[<prev] [next>] [<thread-prev] [thread-next>] [day] [month] [year] [list]
Message-ID: <pkfekcmetqyoj7rwvr77kisu7ok7bc6srq5maoydisnsk4bnyy@wimnw744lp5t>
Date: Thu, 28 Aug 2025 12:09:00 +0900
From: Koichiro Den <den@...inux.co.jp>
To: Marc Zyngier <maz@...nel.org>
Cc: linux-arm-kernel@...ts.infradead.org, tglx@...utronix.de,
linux-kernel@...r.kernel.org
Subject: Re: [PATCH] irqchip/gic-v3-its: Fix invalid wait context lockdep
report
On Wed, Aug 27, 2025 at 01:48:33PM +0100, Marc Zyngier wrote:
> On Wed, 27 Aug 2025 08:38:48 +0100,
> Koichiro Den <den@...inux.co.jp> wrote:
> >
> > its_irq_set_vcpu_affinity() always runs under a raw_spin_lock wait
> > context, so calling kcalloc there is not permitted and RT-unsafe since
> > ___slab_alloc() may acquire a local lock. The below is the actual
> > lockdep report observed:
> >
> > =============================
> > [ BUG: Invalid wait context ]
> > 6.16.0-rc3-irqchip-next-7e28bba92c5c+ #1 Tainted: G S
> > -----------------------------
> > qemu-system-aar/2129 is trying to lock:
> > ffff0085b74f2178 (batched_entropy_u32.lock){..-.}-{3:3}, at: get_random_u32+0x9c/0x708
> > other info that might help us debug this:
> > context-{5:5}
> > 6 locks held by qemu-system-aar/2129:
> > #0: ffff0000b84a0738 (&vdev->igate){+.+.}-{4:4}, at: vfio_pci_core_ioctl+0x40c/0x748 [vfio_pci_core]

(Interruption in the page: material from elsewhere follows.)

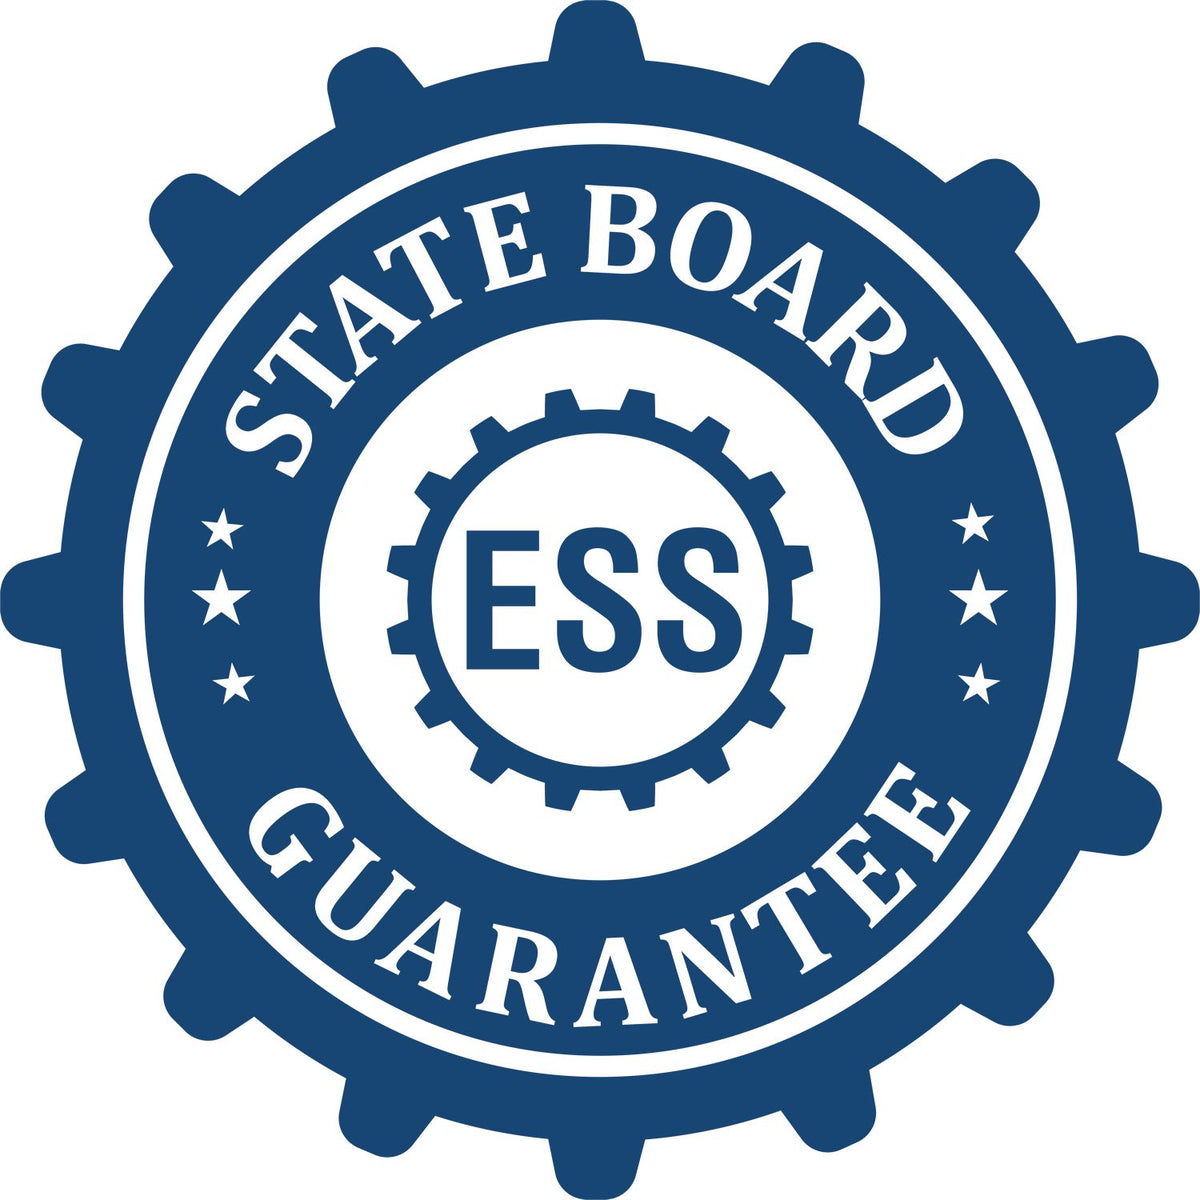 An emblem in a gear shape illustrating a state board guarantee for the Arkansas Engineer Desk Seal product.
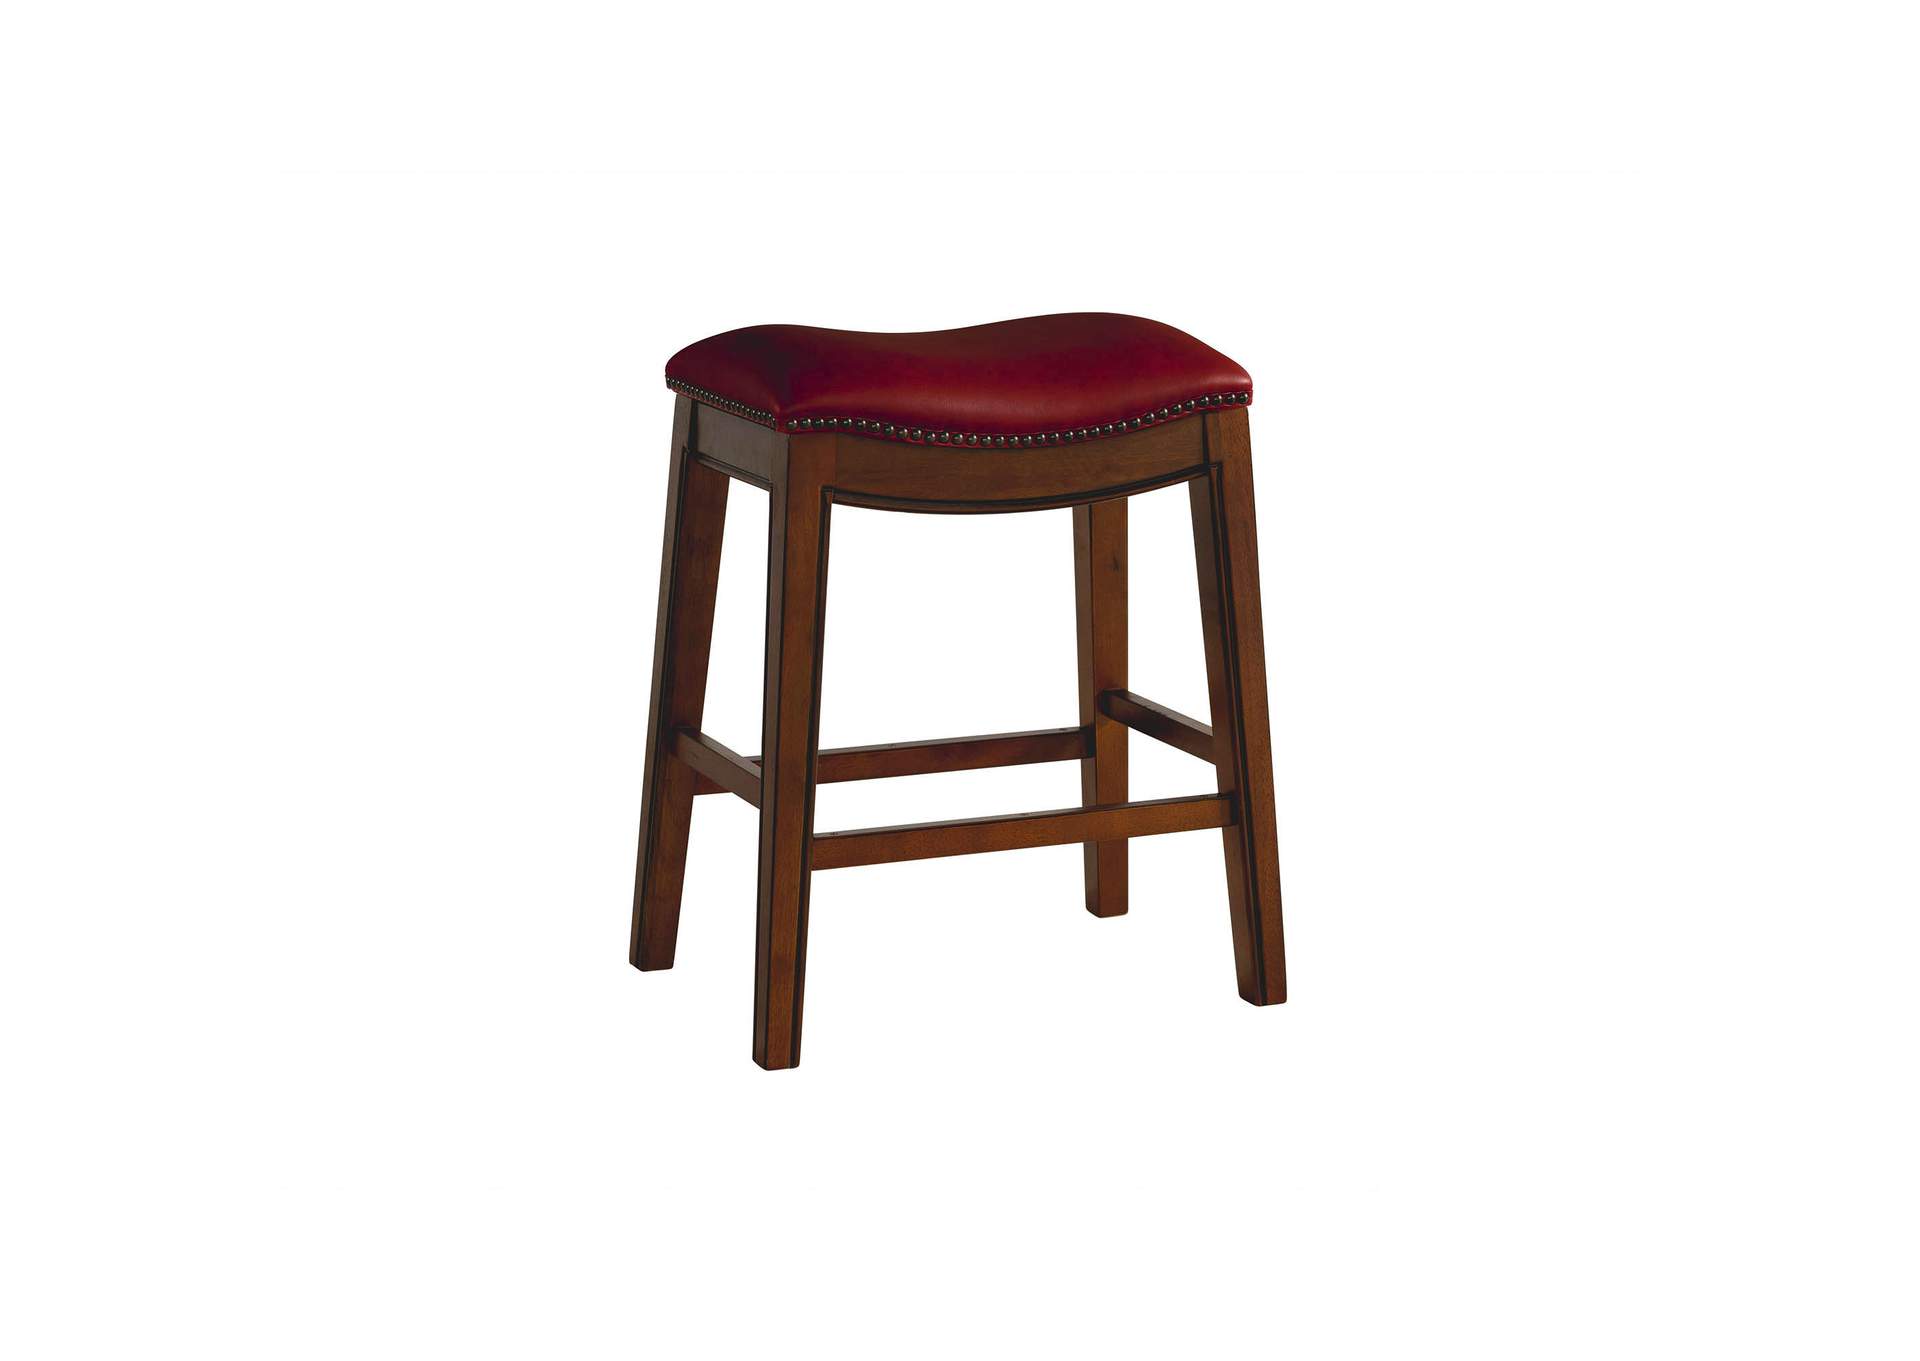 Fiesta Counter Stool 24 - Red,Elements

> > #1: ffff8000883cef68 (lock#6){+.+.}-{4:4}, at: irq_bypass_register_producer+0x64/0x2f0
> > #2: ffff0000ac0df960 (&its->its_lock){+.+.}-{4:4}, at: kvm_vgic_v4_set_forwarding+0x224/0x6f0
> > #3: ffff000086dc4718 (&irq->irq_lock#3){....}-{2:2}, at: kvm_vgic_v4_set_forwarding+0x288/0x6f0
> > #4: ffff0001356200c8 (&irq_desc_lock_class){-.-.}-{2:2}, at: __irq_get_desc_lock+0xc8/0x158
> > #5: ffff00009eae4850 (&dev->event_map.vlpi_lock){....}-{2:2}, at: its_irq_set_vcpu_affinity+0x8c/0x528
> > ...
> > Call trace:
> > show_stack+0x30/0x98 (C)
> > dump_stack_lvl+0x9c/0xd0
> > dump_stack+0x1c/0x34
> > __lock_acquire+0x814/0xb40
> > lock_acquire.part.0+0x16c/0x2a8
> > lock_acquire+0x8c/0x178
> > get_random_u32+0xd4/0x708
> > __get_random_u32_below+0x20/0x80
> > shuffle_freelist+0x5c/0x1b0
> > allocate_slab+0x15c/0x348
> > new_slab+0x48/0x80
> > ___slab_alloc+0x590/0x8b8
> > __slab_alloc.isra.0+0x3c/0x80
> > __kmalloc_noprof+0x174/0x520
> > its_vlpi_map+0x834/0xce0
> > its_irq_set_vcpu_affinity+0x21c/0x528
> > irq_set_vcpu_affinity+0x160/0x1b0
> > its_map_vlpi+0x90/0x100
> > kvm_vgic_v4_set_forwarding+0x3c4/0x6f0
> > kvm_arch_irq_bypass_add_producer+0xac/0x108
> > __connect+0x138/0x1b0
> > irq_bypass_register_producer+0x16c/0x2f0
> > vfio_msi_set_vector_signal+0x2c0/0x5a8 [vfio_pci_core]
> > vfio_msi_set_block+0x8c/0x120 [vfio_pci_core]
> > vfio_pci_set_msi_trigger+0x120/0x3d8 [vfio_pci_core]
>
> Huh. I guess this is due to RT not being completely compatible with
> GFP_ATOMIC... Why you'd want RT and KVM at the same time is beyond
> me, but hey.
For the record, I didn't run KVM on RT, though I still believe it's better
to conform to the wait context rule and avoid triggering the lockdep splat.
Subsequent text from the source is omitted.